When Ted Bundy claimed that pornography influenced his desire to murder, how did the media respond?

Seventeen hours before his execution on January 24, 1989, Ted Bundy granted a final interview to Dr. James Dobson, a psychologist and religious broadcaster. Bundy, an American serial killer, kidnapper, pedophile, rapist, sexual abuser, burglar, and necrophile, expressed in the interview that it was his exposure to pornography around 12 or 13 years of age that began his descent into perpetrating acts of sexual violence against women. Having spent more than a decade in prison, Bundy claimed to have grown remorseful and felt he owed it to society, and the 30+ women he murdered, to relate how his addiction to increasingly more violent pornography helped to pave a pathology for wanting to commit violence himself. A self-proclaimed expert on all sexually violent offenders, he claimed that of all the men he knew in prison, “without exception, every one of them was deeply involved in pornography – deeply consumed by the addiction.
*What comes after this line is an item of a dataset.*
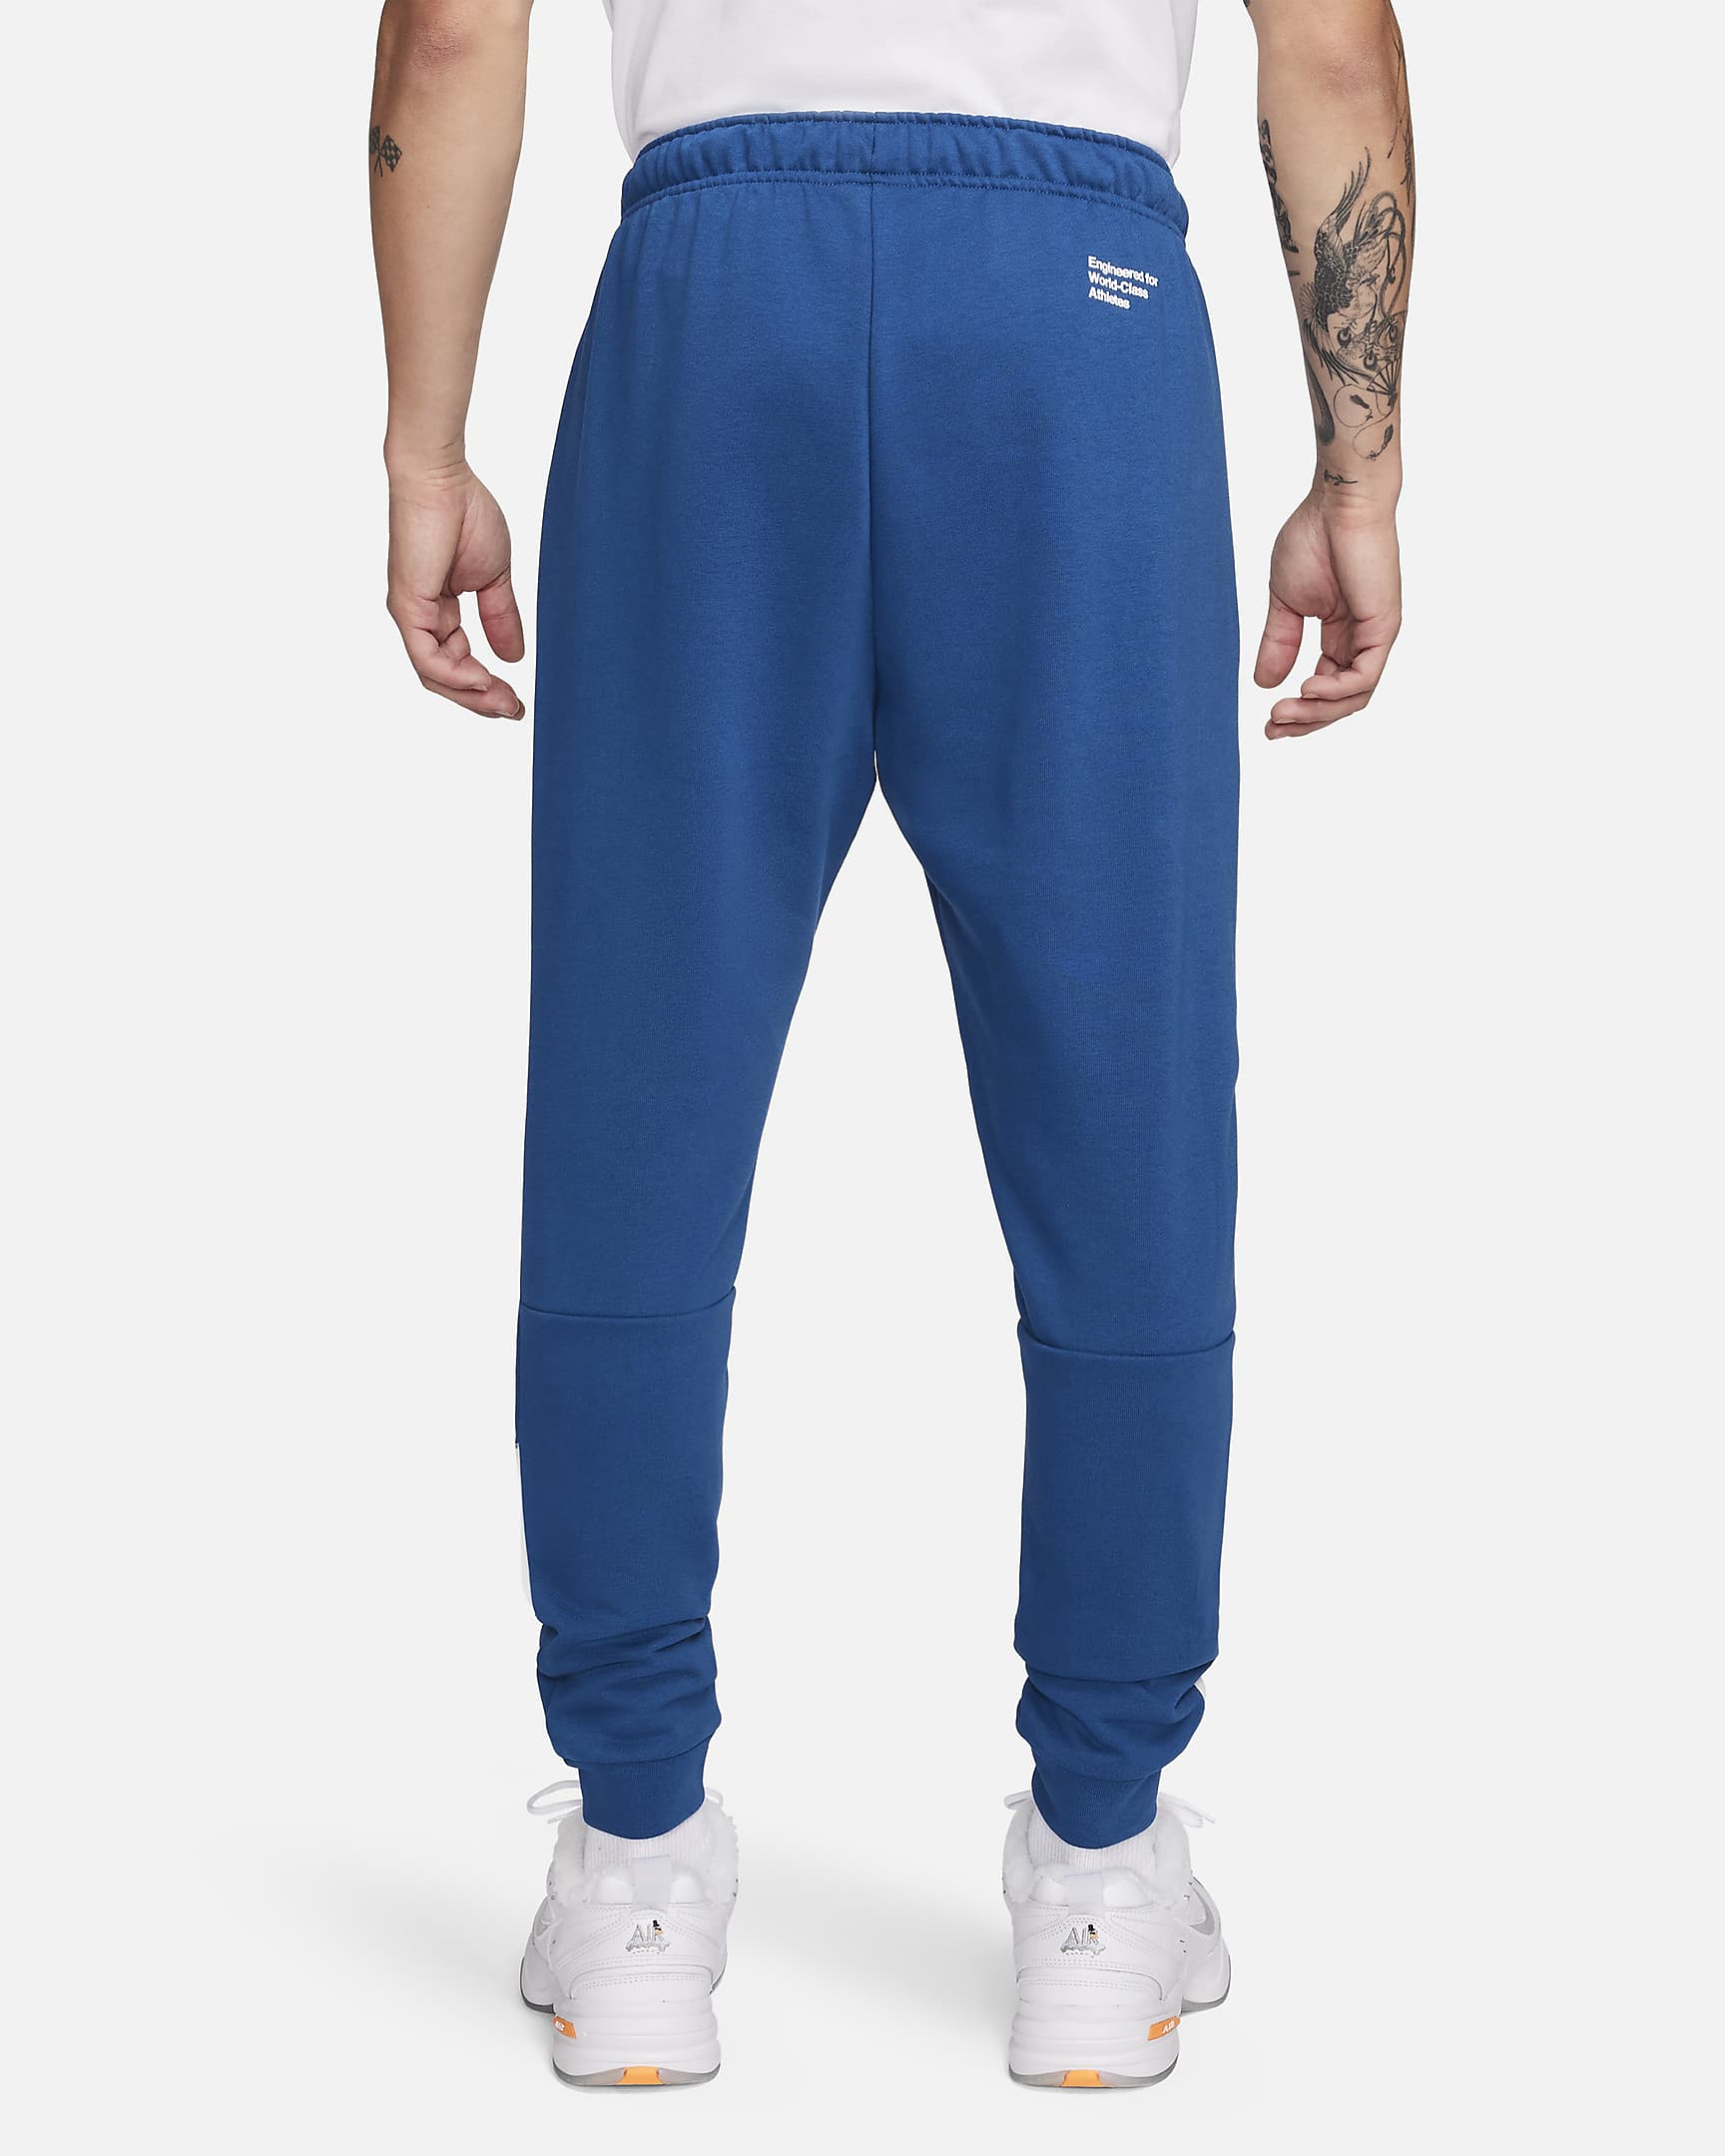 Nike Dri-FIT Men's Tapered Fitness Trousers. Nike VN

The F.B.I.’s own study on serial homicide shows that the most common interest among serial killers is pornography. It’s true.”

The media’s response? Completely deny the possibility that the sexual violence in pornography could ever play any role in shaping sexually violent behavior. Though many mainstream commentators were angry at Bundy, a few in particular stand out.
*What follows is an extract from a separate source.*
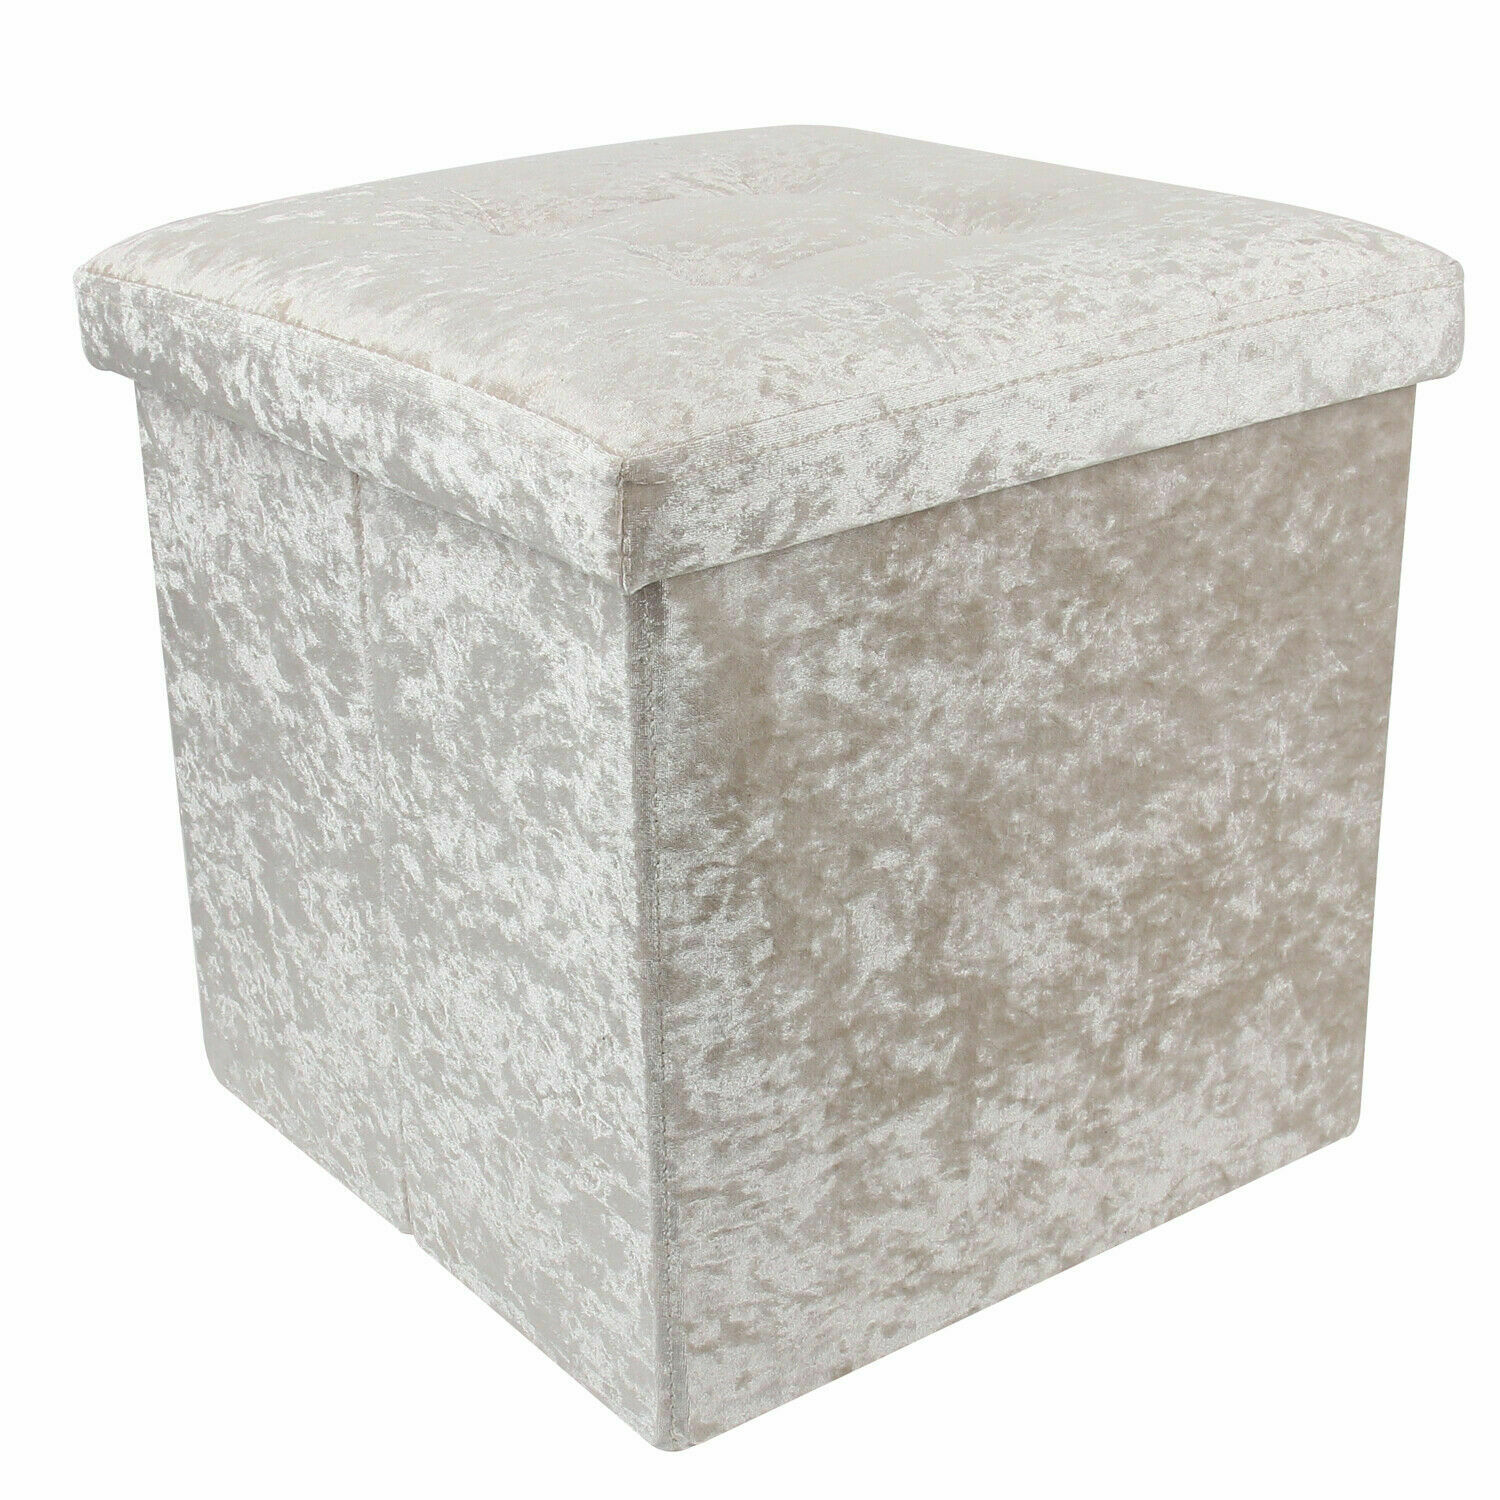 Crushed Velvet Diamante Storage Ottoman Seat Box Pouffee Foot Stool Cover Home

“Does porn cause violence?” asked the L.A. Times, with contributing editor, pornographer Al Goldstein. “Clearly, no,” he answered, before casually and falsely stating that science didn’t support any possibility of a link between the two. The article then railed against Dobson, the interviewer, claiming that the interview was a “vile and cynical effort to inflame the censorship debate in America… the First Amendment and its guarantees of free expression remain in danger.” Additionally, he claimed that the interview implicitly concealed the messages that “If you read Playboy or Penthouse, you will turn into Ted Bundy.”

A number of outlets followed, claiming that Dobson was using Bundy in an attempt to further his own religious crusader agenda. Despite the fact that Bundy’s testimony supported a scientific model of the causative role of pornography in violence against women, the entire interview was discredited because of its mere association with a fundamentalist.

Furthermore, any claim that Bundy placed responsibility on pornography was a lie easily debunked by simply reading the interview. When Dobson pressed Bundy as to whether sexually violent pornography directly informed his choices, Bundy said, “I’m not blaming pornography. I’m not saying it caused me to go out and do certain things. I take full responsibility for all the things that I’ve done. That’s not the question here. The issue is how this kind of literature contributed and helped mold and shape the kinds of violent behavior.”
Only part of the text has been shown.